I take off the Band-Aid on the chin. How can anyone possibly have sex with a Band-Aid on the chin? Once again begins the flow. Two Band-Aids later I find myself still a fount of blood.
What am I to do? Awash in a sea of infection and disaffection, mired in anxiety and despair, dropping T-cells by the minute, I sit and stare at my ghastly reflection in the mirror, pray for coagulation. Studmeister is on his way in a cab, ready for action. I’m locked in the bathroom, crying over my dowry of diseased precious bodily fluids.
Of course, he never shows. I don’t have his number. He doesn’t call with explanations.
Evidently, Some Higher Power is teaching me a lesson.
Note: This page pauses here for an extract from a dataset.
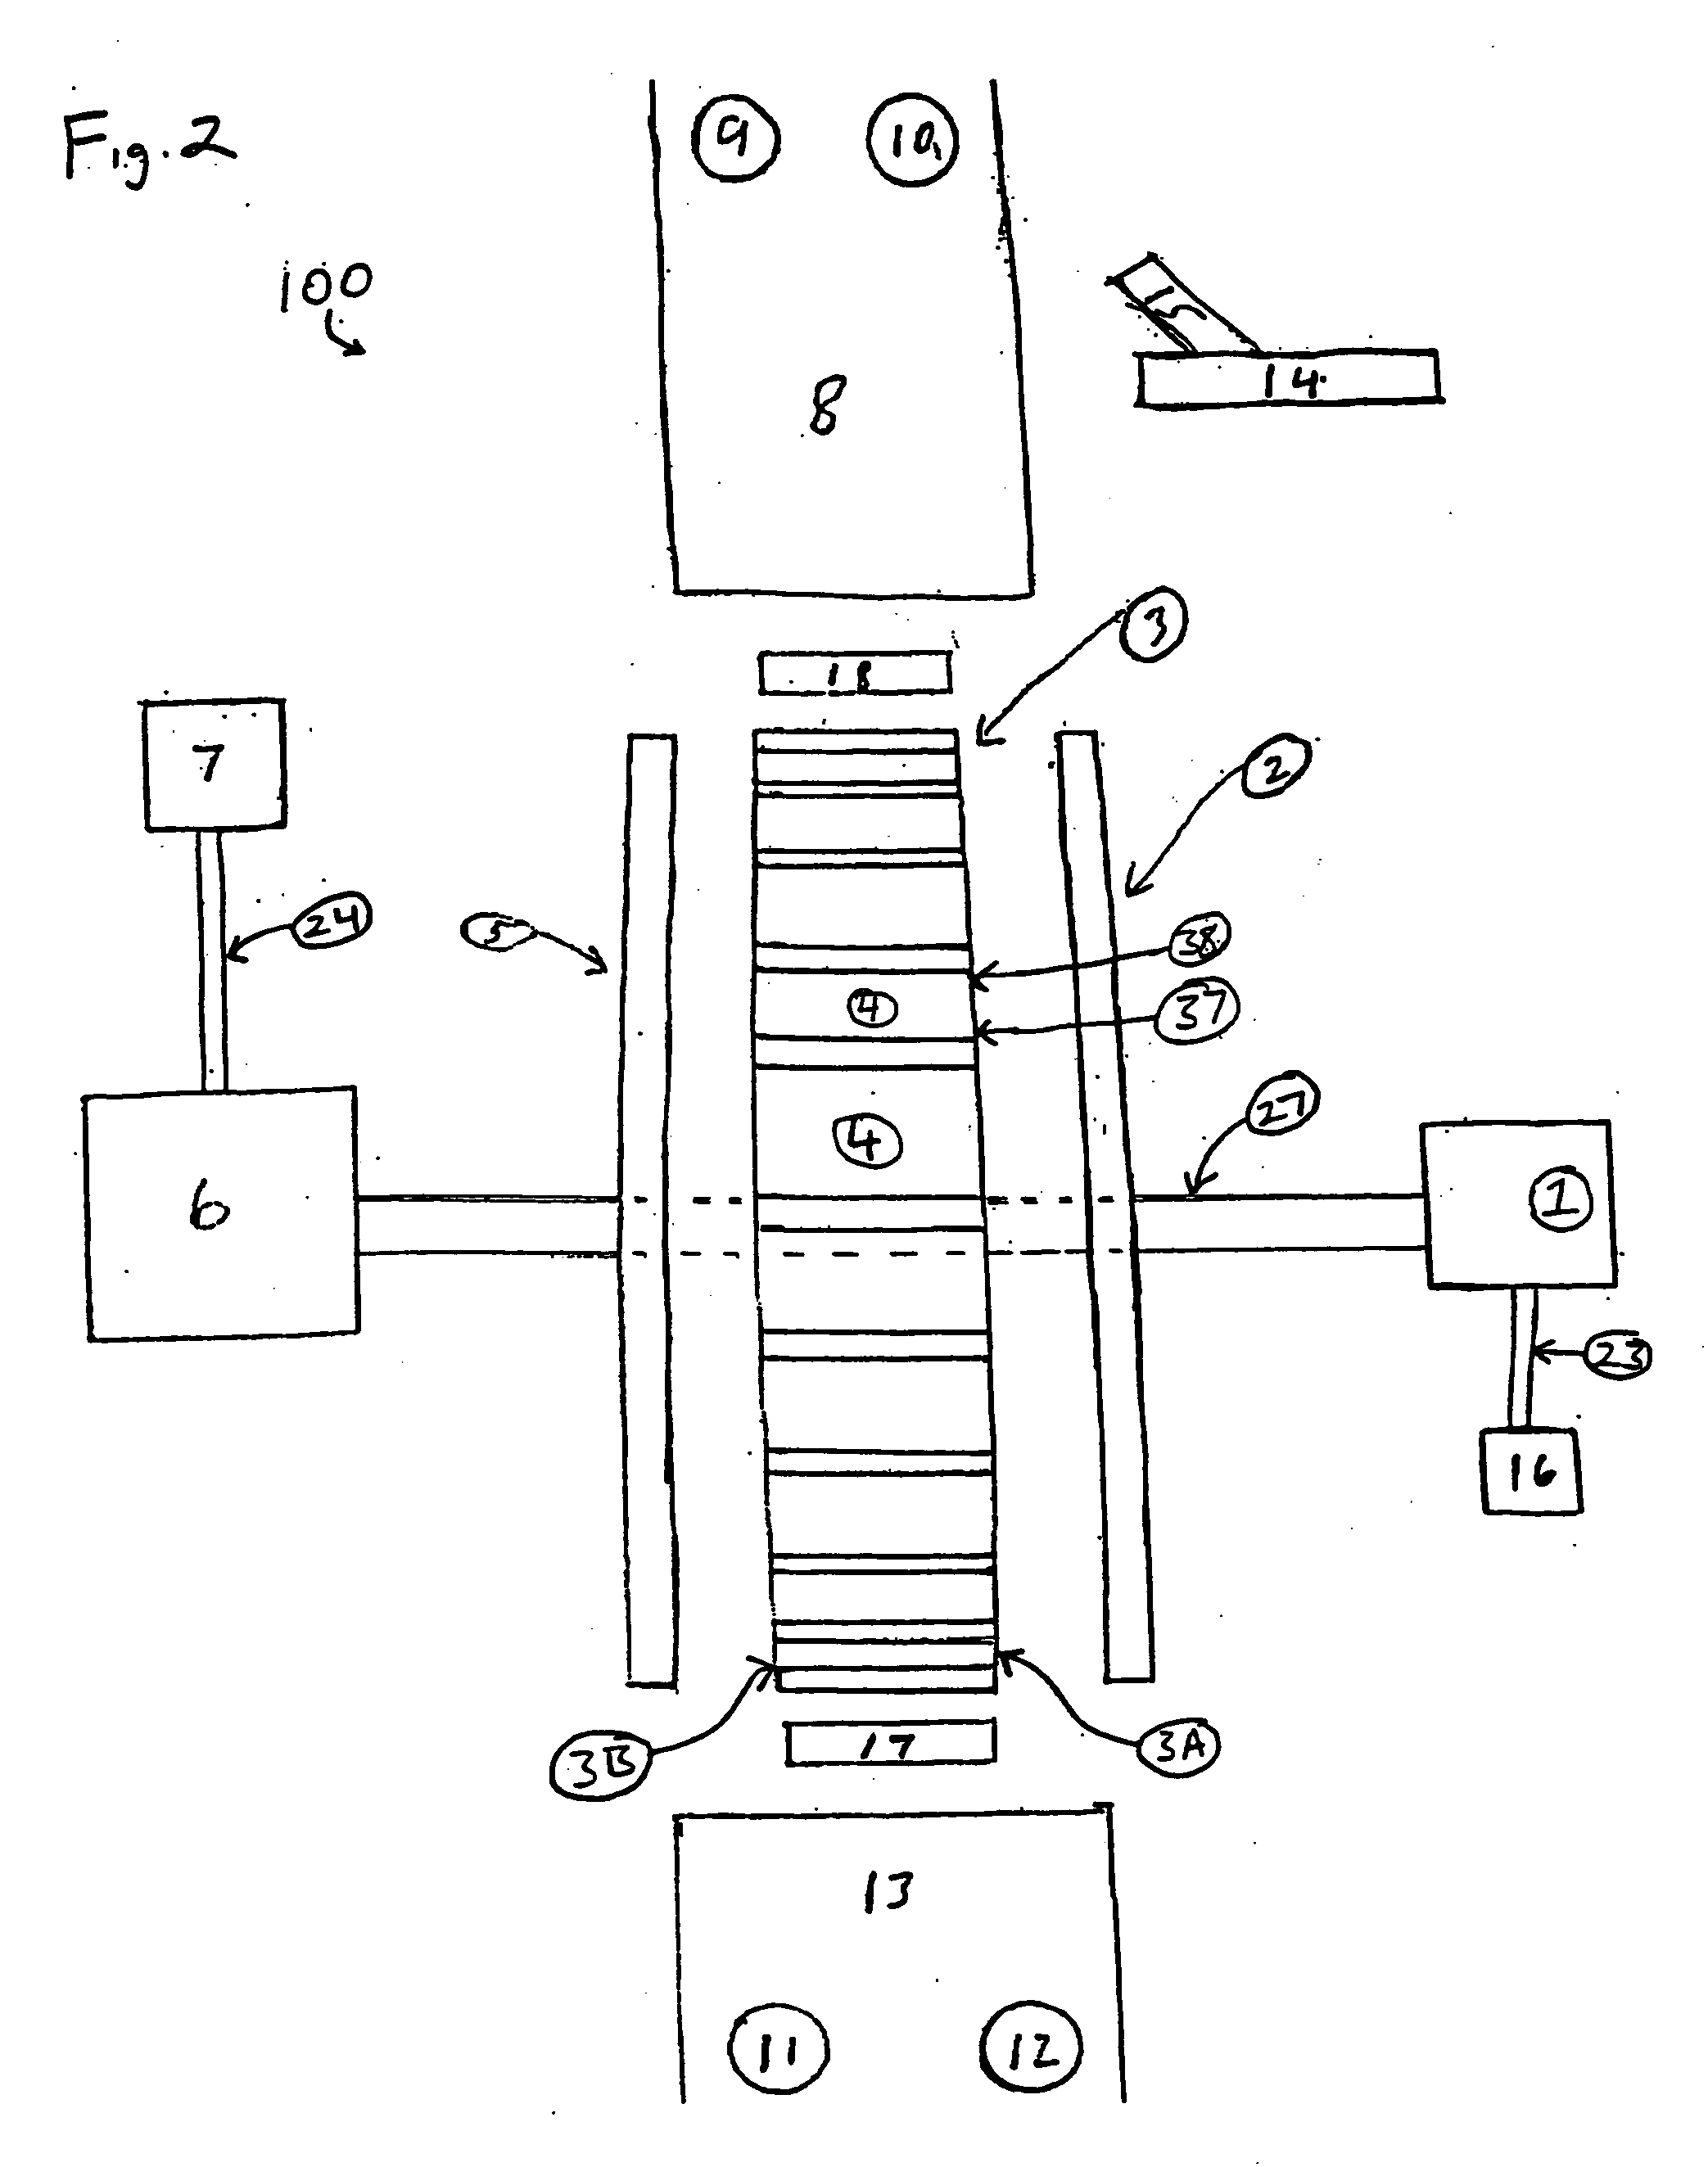 Method and system for power generation

Why do I even bother with the phone-sex line? I’m bound to be disappointed. Even if Mister Wrong showed up and was as appealing as he indicated, what would be the likelihood of sustaining a relationship that would last five minutes past orgasm? Surely I have experienced enough personal growth that I don’t need to rely on cheap anonymous sex for kicks. How many more nights am I destined to wait fruitlessly in my humble abode for the Falcon video equivalent of Elijah? He’ll never come. I’ll never come. What’s the point?
Two hours later, when the bleeding has finally subsided, I dial that elusive number again. This time, I go to his place.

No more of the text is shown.